<< Chapter < Page Chapter >> Page >

The most basic form of loop optimization is loop unrolling. It is so basic that most of today’s compilers do it automatically if it looks like there’s a benefit. There has been a great deal of clutter introduced into old dusty-deck FORTRAN programs in the name of loop unrolling that now serves only to confuse and mislead today’s compilers.

We’re not suggesting that you unroll any loops by hand. The purpose of this section is twofold. First, once you are familiar with loop unrolling, you might recognize code that was unrolled by a programmer (not you) some time ago and simplify the code. Second, you need to understand the concepts of loop unrolling so that when you look at generated machine code, you recognize unrolled loops.

The primary benefit in loop unrolling is to perform more computations per iteration. At the end of each iteration, the index value must be incremented, tested, and the control is branched back to the top of the loop if the loop has more iterations to process. By unrolling the loop, there are less “loop-ends” per loop execution. Unrolling also reduces the overall number of branches significantly and gives the processor more instructions between branches (i.e., it increases the size of the basic blocks).

For illustration, consider the following loop. It has a single statement wrapped in a do-loop:


DO I=1,N A(I) = A(I) + B(I) * CENDDO

You can unroll the loop, as we have below, giving you the same operations in fewer iterations with less loop overhead. You can imagine how this would help on any computer. Because the computations in one iteration do not depend on the computations in other iterations, calculations from different iterations can be executed together.
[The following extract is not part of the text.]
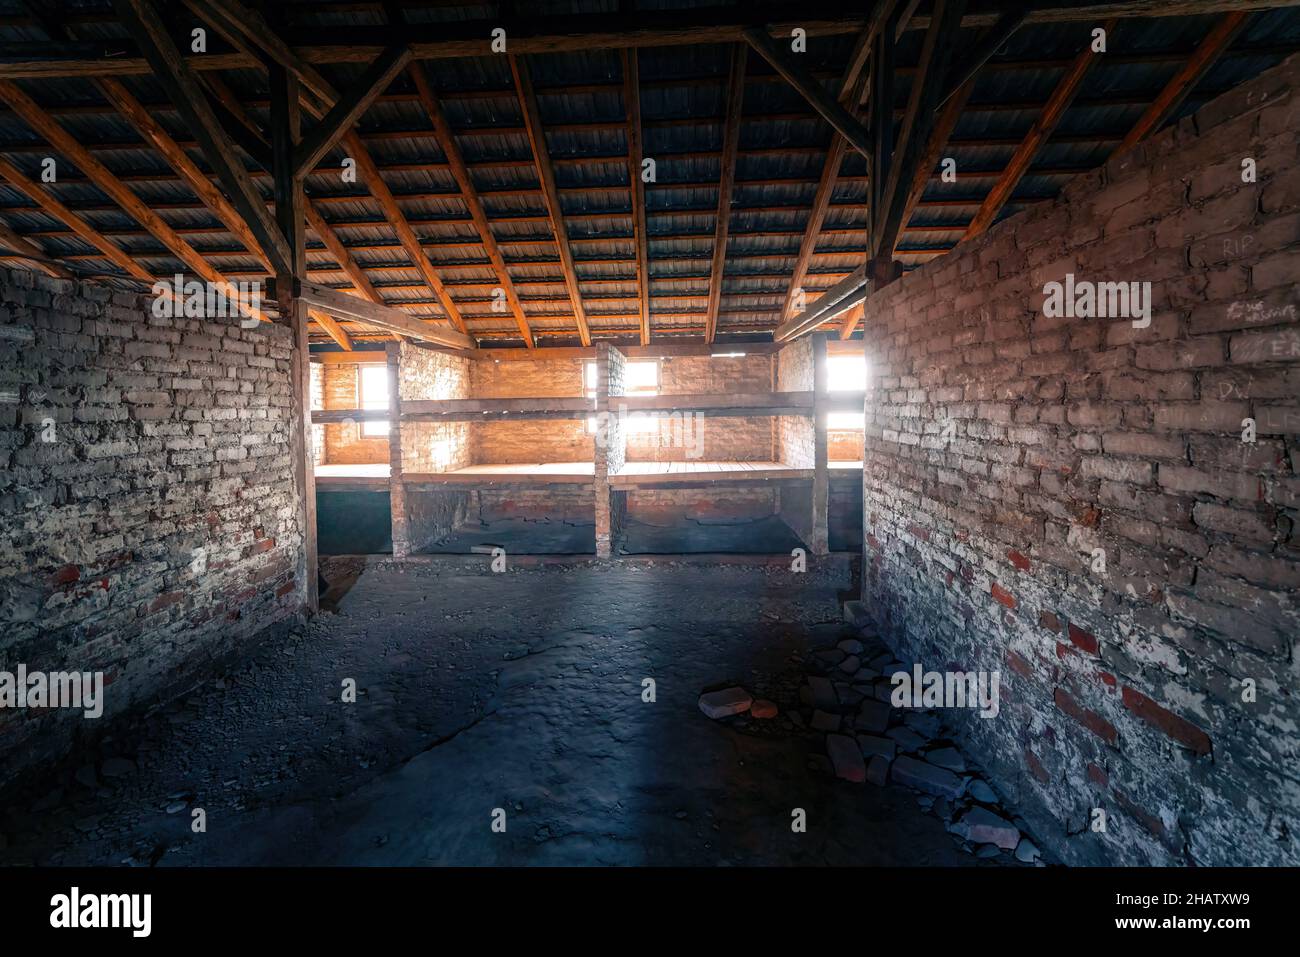 Prisioneros Barracks interior en Auschwitz II - Birkenau, antiguo campo de concentración y exterminio nazi alemán - Polonia Foto de stock

On a superscalar processor, portions of these four statements may actually execute in parallel:


DO I=1,N,4 A(I) = A(I) + B(I) * CA(I+1) = A(I+1) + B(I+1) * C A(I+2) = A(I+2) + B(I+2) * CA(I+3) = A(I+3) + B(I+3) * C ENDDO

However, this loop is not exactly the same as the previous loop. The loop is unrolled four times, but what if N is not divisible by 4? If not, there will be one, two, or three spare iterations that don’t get executed. To handle these extra iterations, we add another little loop to soak them up. The extra loop is called a preconditioning loop :


II = IMOD (N,4) DO I=1,IIA(I) = A(I) + B(I) * C ENDDODO I=1+II,N,4A(I) = A(I) + B(I) * C A(I+1) = A(I+1) + B(I+1) * CA(I+2) = A(I+2) + B(I+2) * C A(I+3) = A(I+3) + B(I+3) * CENDDO

The number of iterations needed in the preconditioning loop is the total iteration count modulo for this unrolling amount. If, at runtime, N turns out to be divisible by 4, there are no spare iterations, and the preconditioning loop isn’t executed.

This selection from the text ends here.